# My eyes hurt



## 4F (15 Nov 2012)

wtf http://www.ebay.co.uk/itm/URBAN-CUL...1152715450?pt=UK_Bikes_GL&hash=item337dbaa2ba


----------



## tyred (15 Nov 2012)




----------



## ianrauk (15 Nov 2012)

Yegods man... more of a warning needed


----------



## Stonepark (15 Nov 2012)




----------



## Rob3rt (15 Nov 2012)

Urban culture.............. LOL

Pile of shoot made to look worse by that vomit worthy paint job and wheel choice!


----------



## shouldbeinbed (15 Nov 2012)

If sunny delight made bikes. Yuk


----------



## Andy_R (15 Nov 2012)

At least it's not likey to be SMIDSY'd....need a welding mask to look that in the eye.


----------



## apb (16 Nov 2012)

a positive would be. No one would want to steal it.


----------



## RiflemanSmith (16 Nov 2012)

Erm, I actually like it


----------



## DuncanT (16 Nov 2012)

It did say BRIGHT in the title


----------



## ohnovino (16 Nov 2012)

RiflemanSmith said:


> Erm, I actually like it


 Me too, although in a "that's an interesting bike" way, not an "I want to own that bike" way.


----------



## subaqua (16 Nov 2012)

gas pipe steel no doubt


----------



## uphillstruggler (16 Nov 2012)

is that highlighter orange?


----------



## hoski (16 Nov 2012)

Oh my dear God.

You know how many plants and animals use bright colours as self defence to imply that they are poisonous...


----------



## GrumpyGregry (16 Nov 2012)

I quite like the blue version.


----------



## Melonfish (16 Nov 2012)

RiflemanSmith said:


> Erm, I actually like it


me too!
and its in my size


----------



## ColinJ (16 Nov 2012)

Also available in Red & Green ...






Green & Red ...






And Blue & Purple ...






Yes, they are made of hi-ten steel and probably weigh a ton but theye would be quite fun for nipping down to the shops on! Tiger Cycles website.


----------



## apb (16 Nov 2012)

The blue and purple is just wrong.


----------



## Drago (16 Nov 2012)

I'd rather walk!


----------



## colly (17 Nov 2012)

Specially made the quite, retiring types who like to blend into the background.






Not.


----------



## colly (17 Nov 2012)

Specially made the quite, retiring types who like to blend into the background.






Not.


----------



## ufkacbln (17 Nov 2012)

They missed a trick here - the brand is "Tiger"

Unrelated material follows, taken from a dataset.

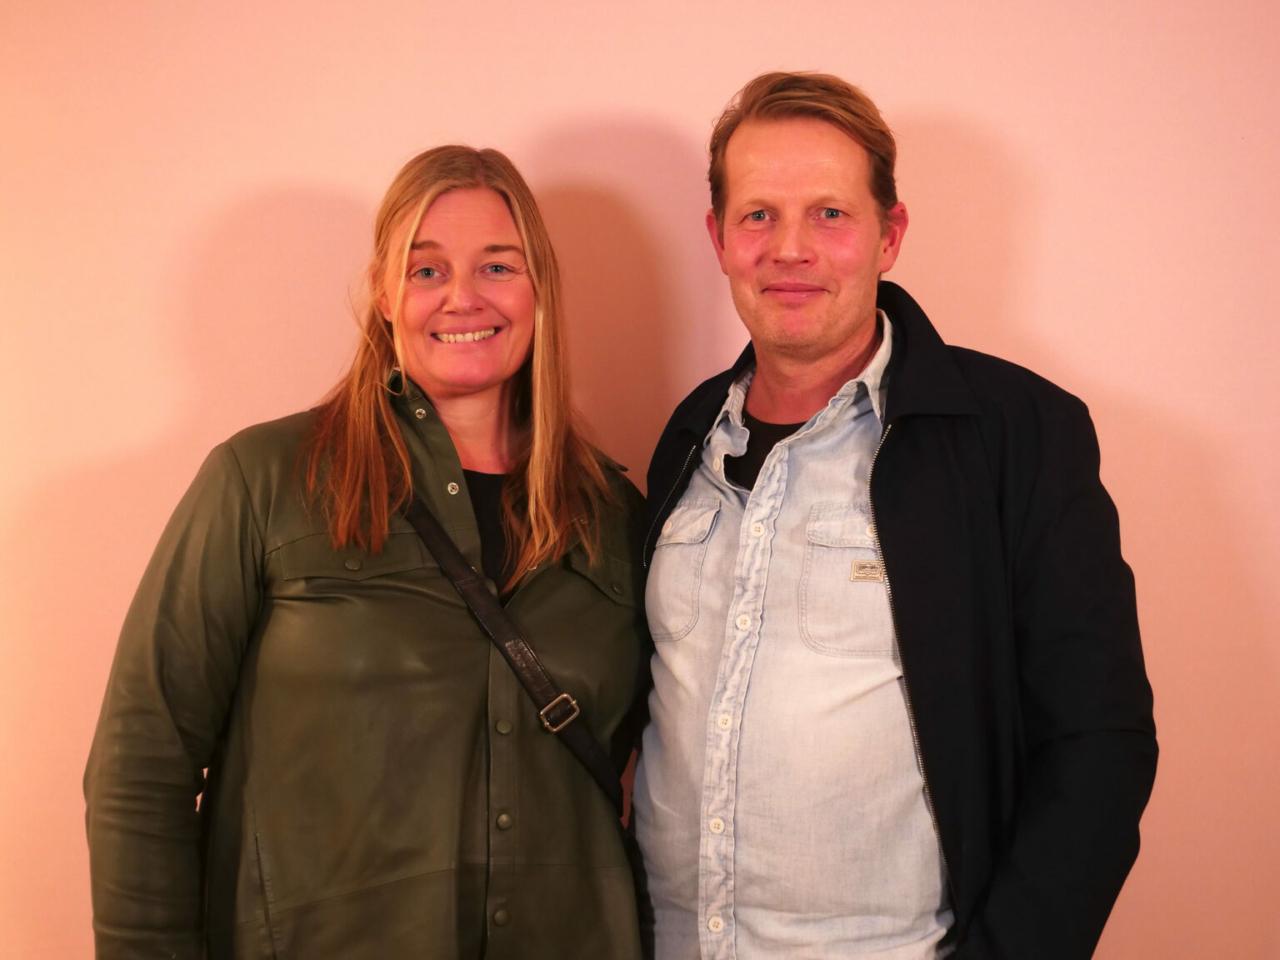 Michelle Hviid og Morten Brix til Storydays

Why are there no random contrasting "stripes"


----------



## Old Plodder (17 Nov 2012)

That must be a Safari bike..........


----------



## TheDoctor (17 Nov 2012)

Mine eyes!! Mine eyes!!!
That's quite the awfullest collection of bikes I've ever seen, and I've got a magenta Kirk FFS...


----------



## wheres_my_beard (18 Nov 2012)

I'm impressed at how they managed to maintain their eye for quality and style throughout their entire range of bikes. I think the design team may have had a bike described to them at some point by someone who saw a picture of one. From a great distance.


----------



## HLaB (18 Nov 2012)

The car/bike shop in Peterborough. On the bright-side (I'm not sure if a pun was intended) it makes the pavement ninja easier to spot.


----------



## taximan (9 Dec 2012)

specially designed for the colour blind cyclist


----------



## russ.will (16 Dec 2012)

Christ! And there I was thinking my red saddle and white grips looked poncy.

Russell


----------